About this exercise
From first line to last, copy the listing exactly and omit its pictures.

[Opening Given data section]

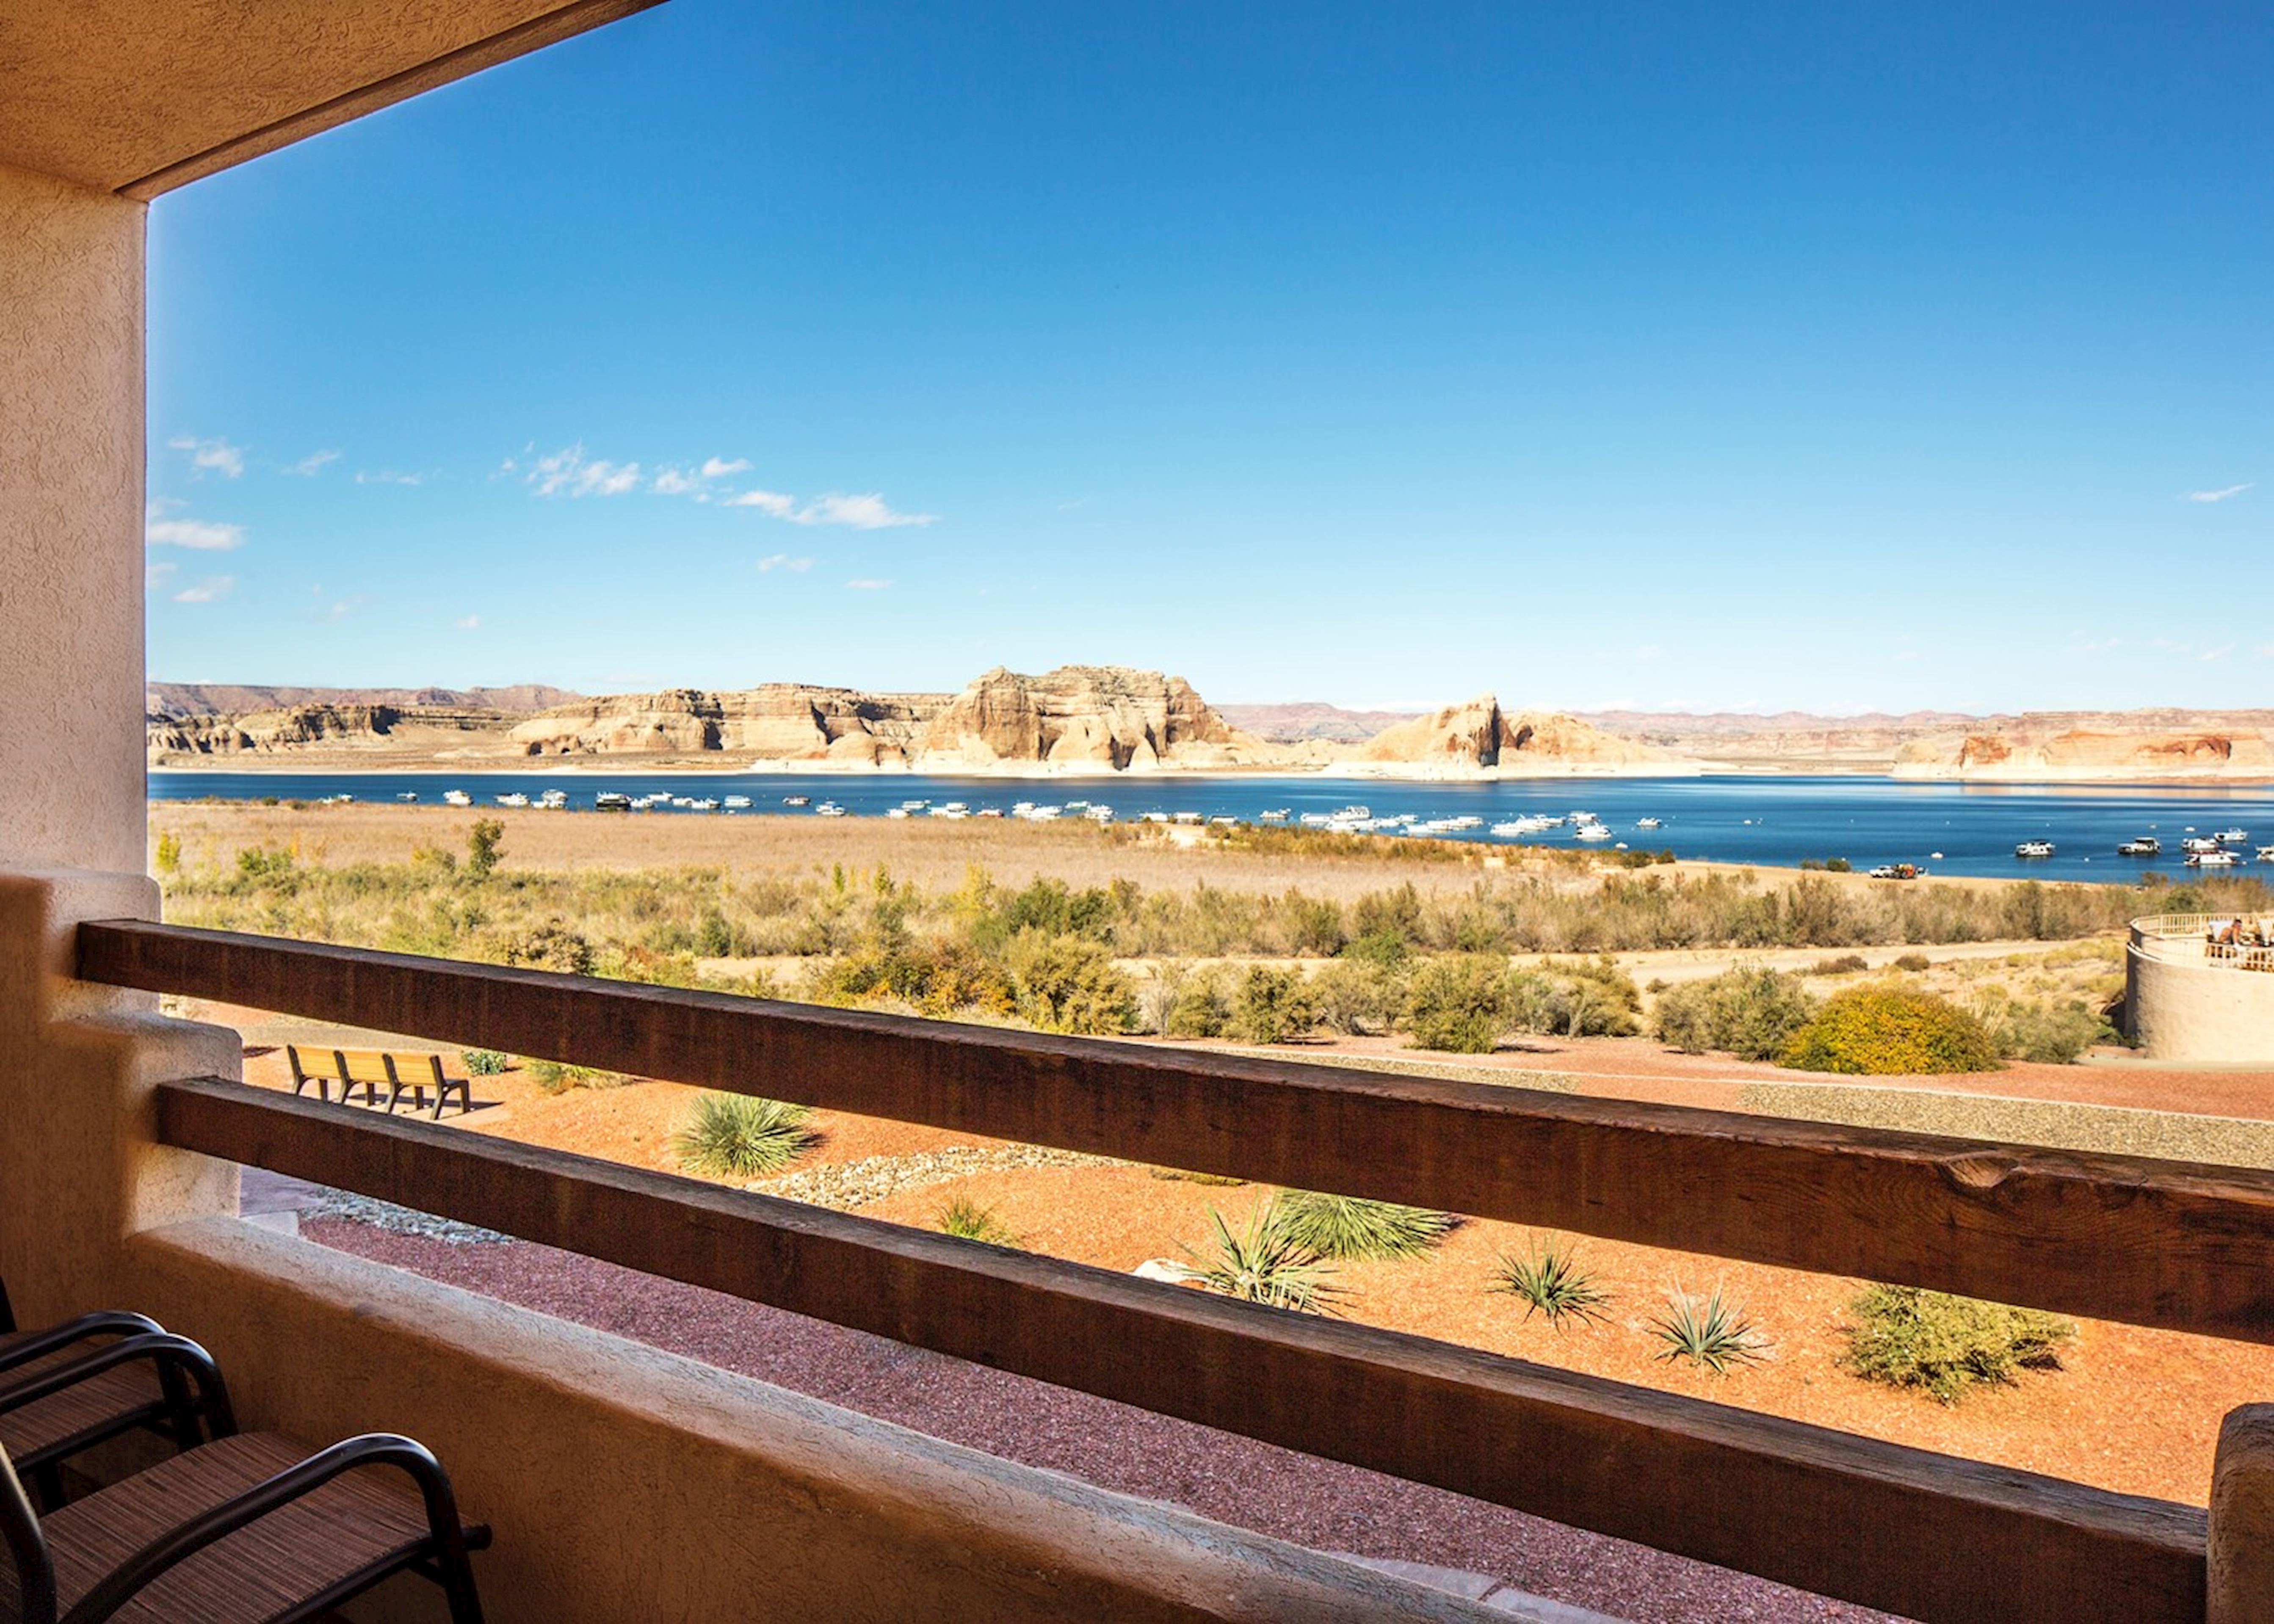 Lake Powell Resort Hotels In Page Audley Travel
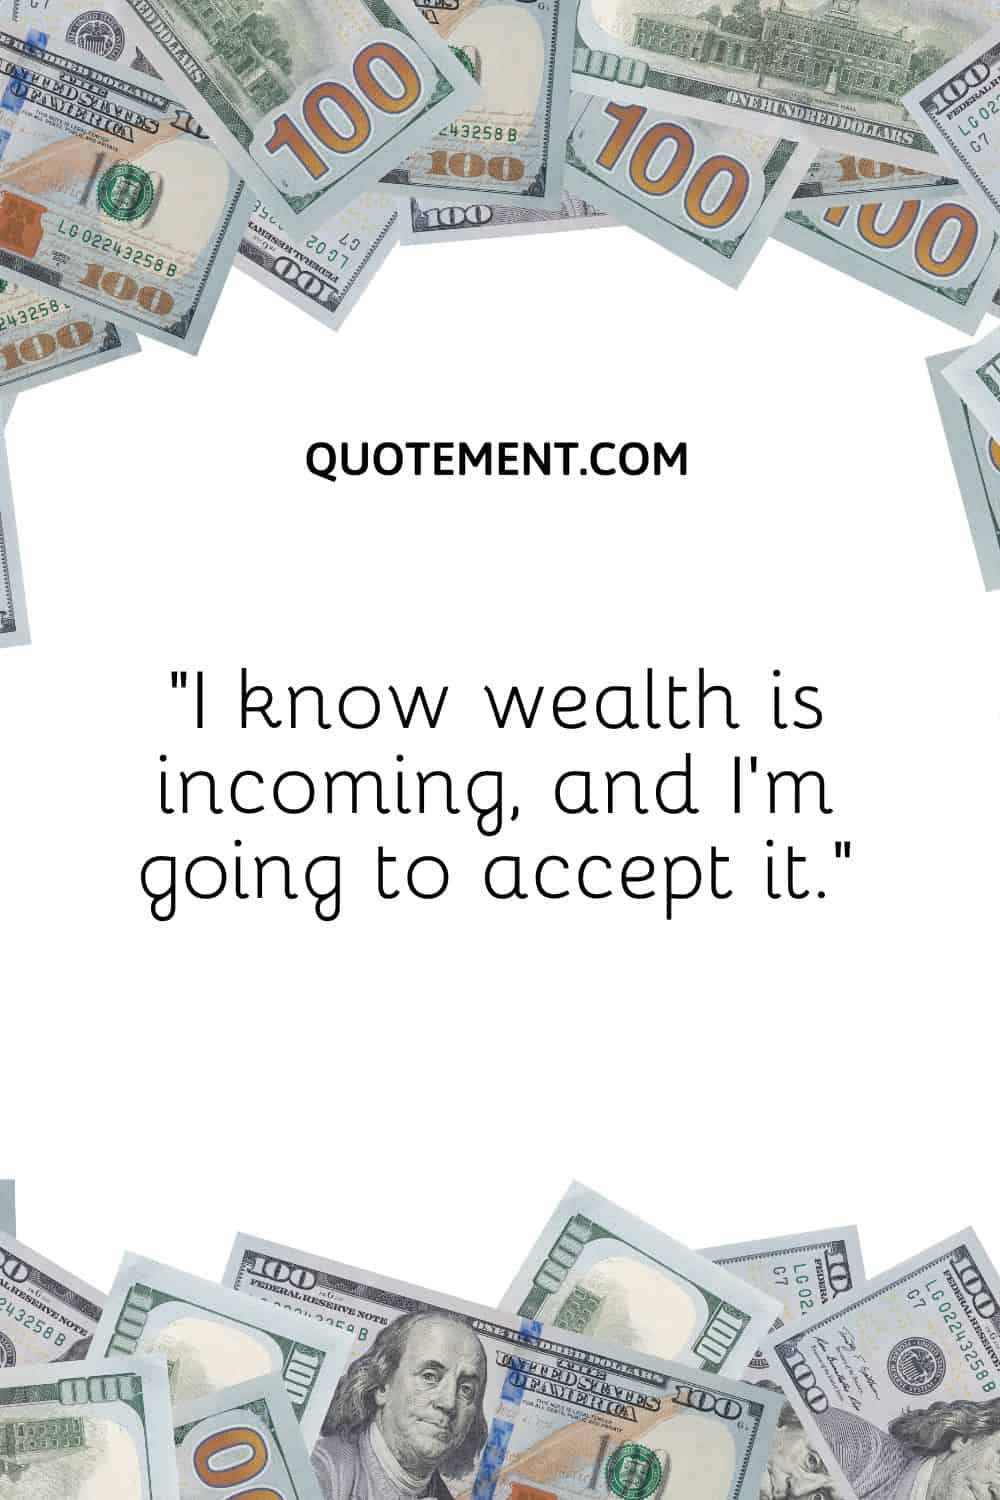 “I know wealth is incoming, and I’m going to accept it.”
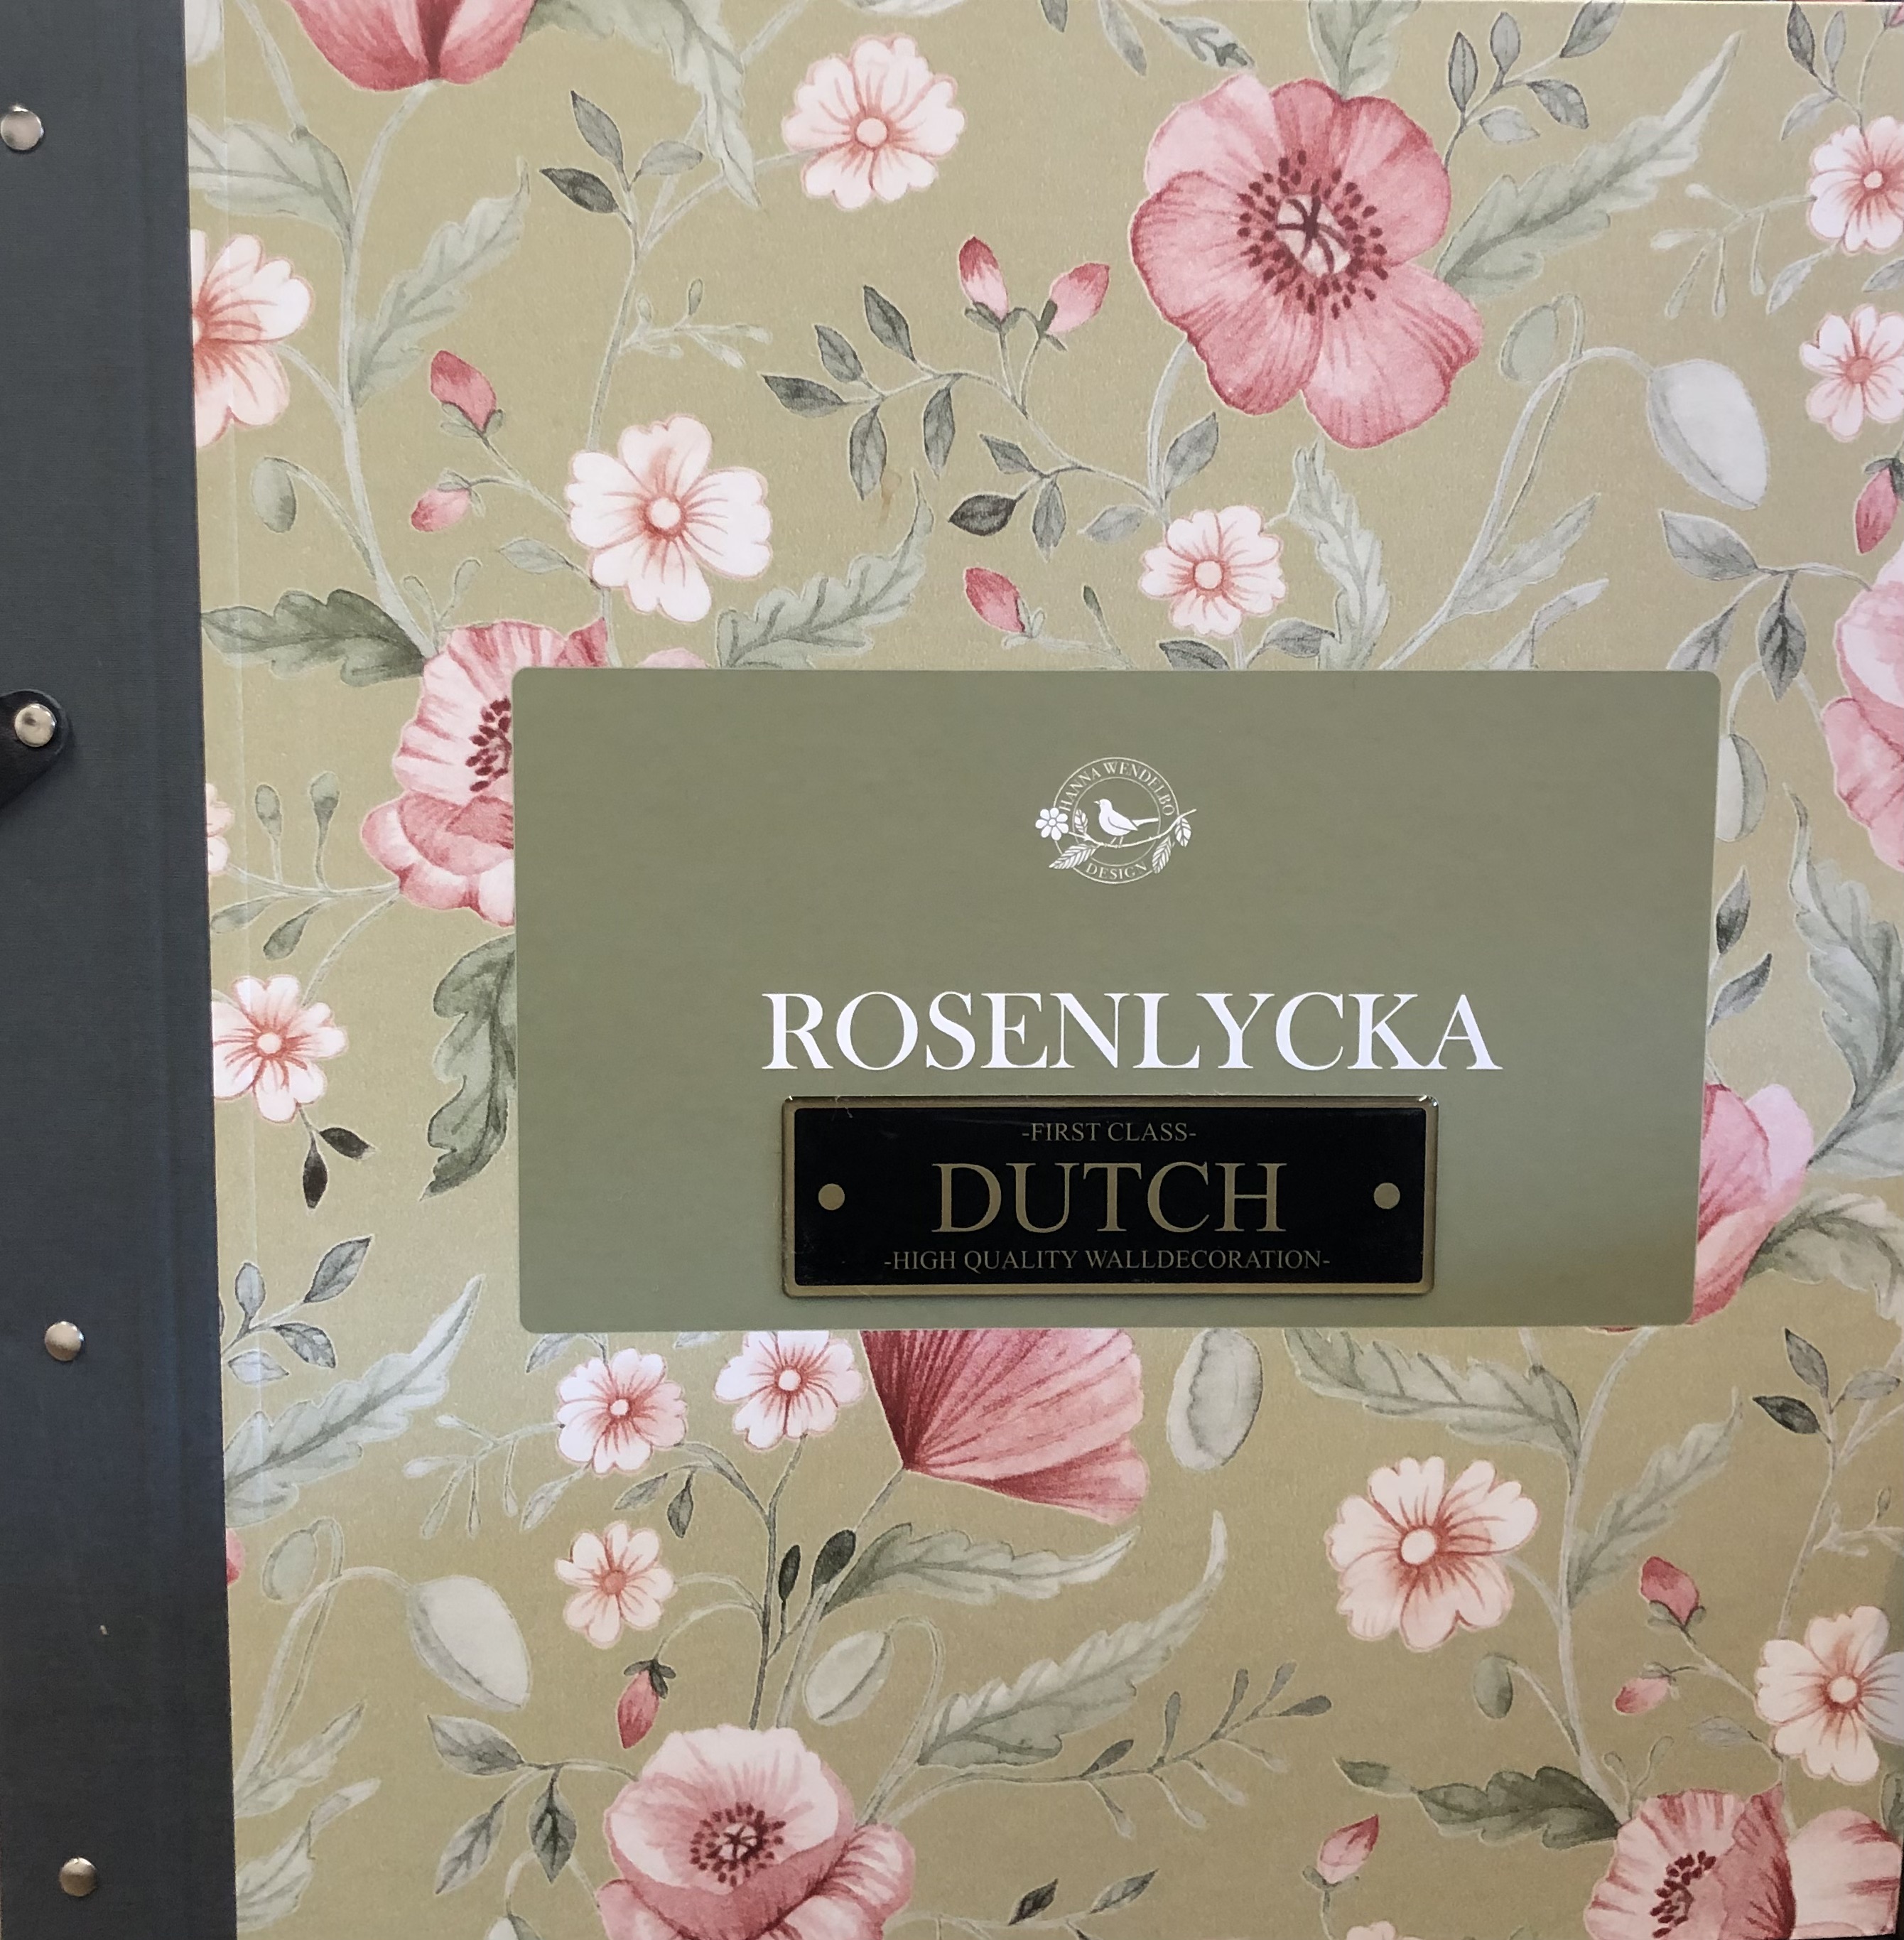 Muster - Rosenlycka - Dutch Wallcoverings First Class

[Closing Given data section]

Task solution
 Lake Powell Resort Hotels In Page Audley Travel
 “I know wealth is incoming, and I’m going to accept it.”
 Muster - Rosenlycka - Dutch Wallcoverings First Class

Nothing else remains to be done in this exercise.